** REQUIRED ACTION **
Repeat only the lines below that run from the line with "Les bougies naturelles" to the line with "המדע מאחורי הנשיקה", ends included; skip every picture.

** PROVIDED DATA **
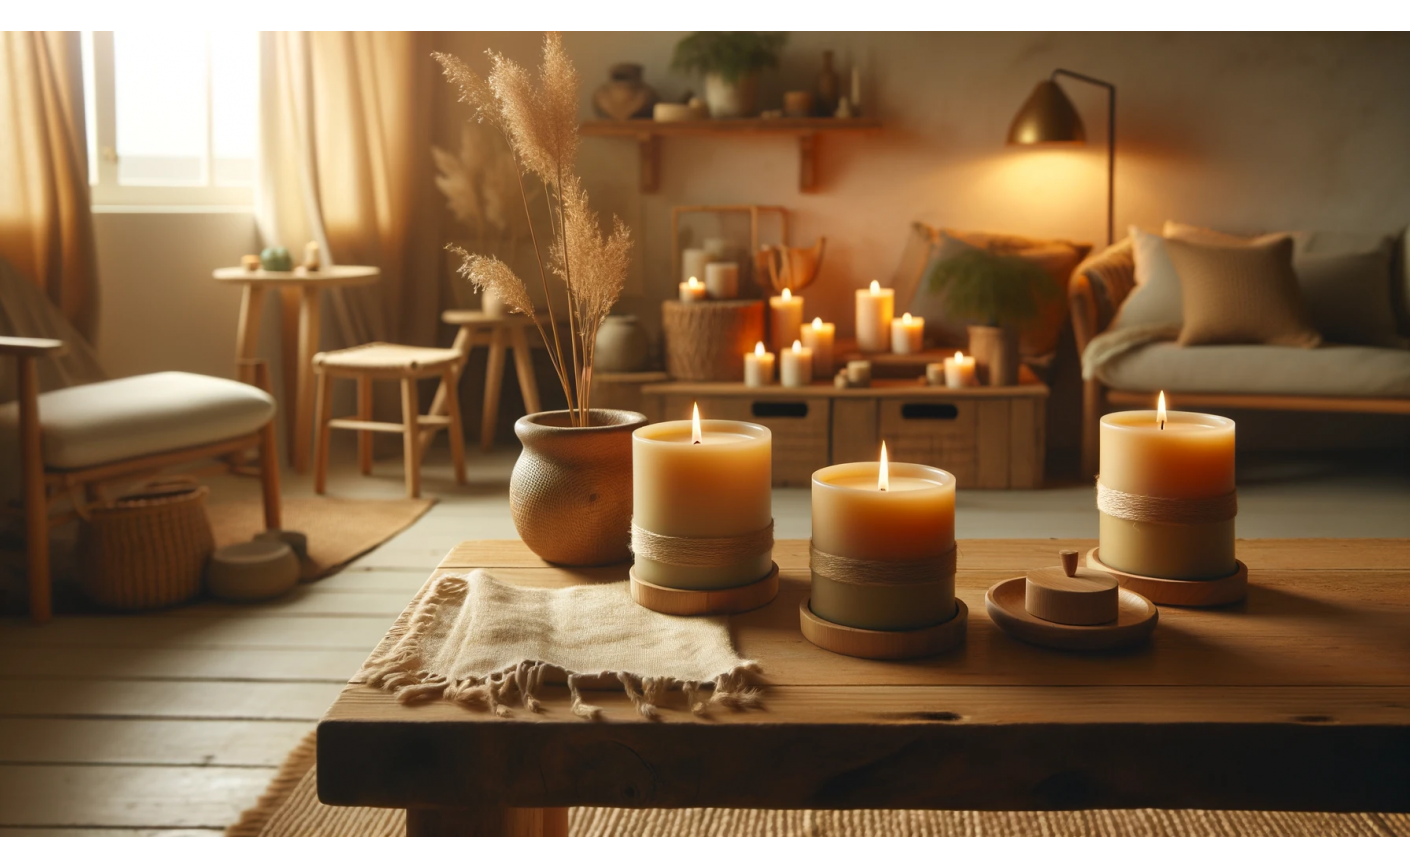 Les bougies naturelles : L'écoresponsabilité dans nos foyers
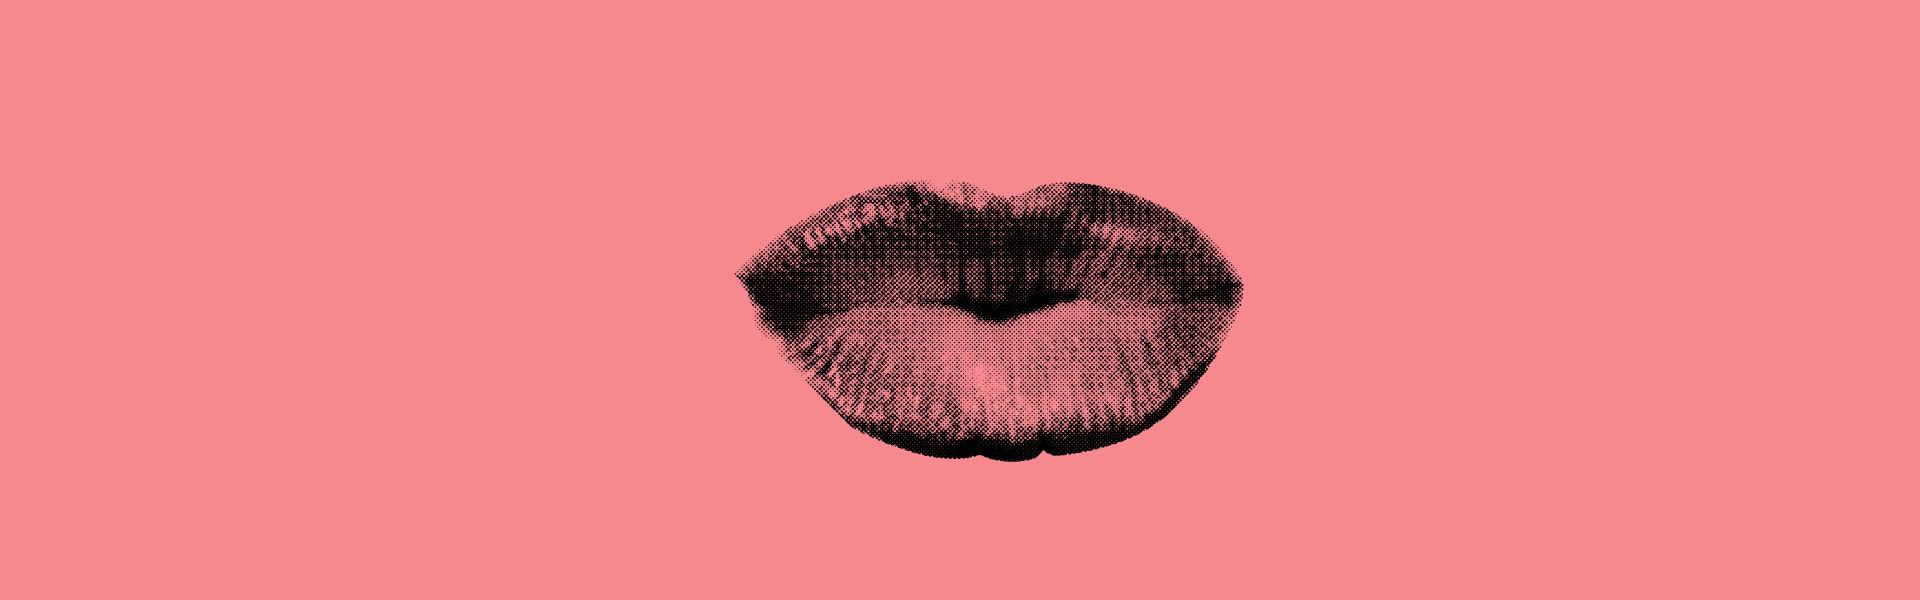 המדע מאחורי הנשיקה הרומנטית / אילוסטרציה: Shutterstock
==
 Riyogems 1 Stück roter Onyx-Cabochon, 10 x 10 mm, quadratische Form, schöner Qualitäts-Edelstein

** RESPONSE **
 Les bougies naturelles : L'écoresponsabilité dans nos foyers
 המדע מאחורי הנשיקה הרומנטית / אילוסטרציה: Shutterstock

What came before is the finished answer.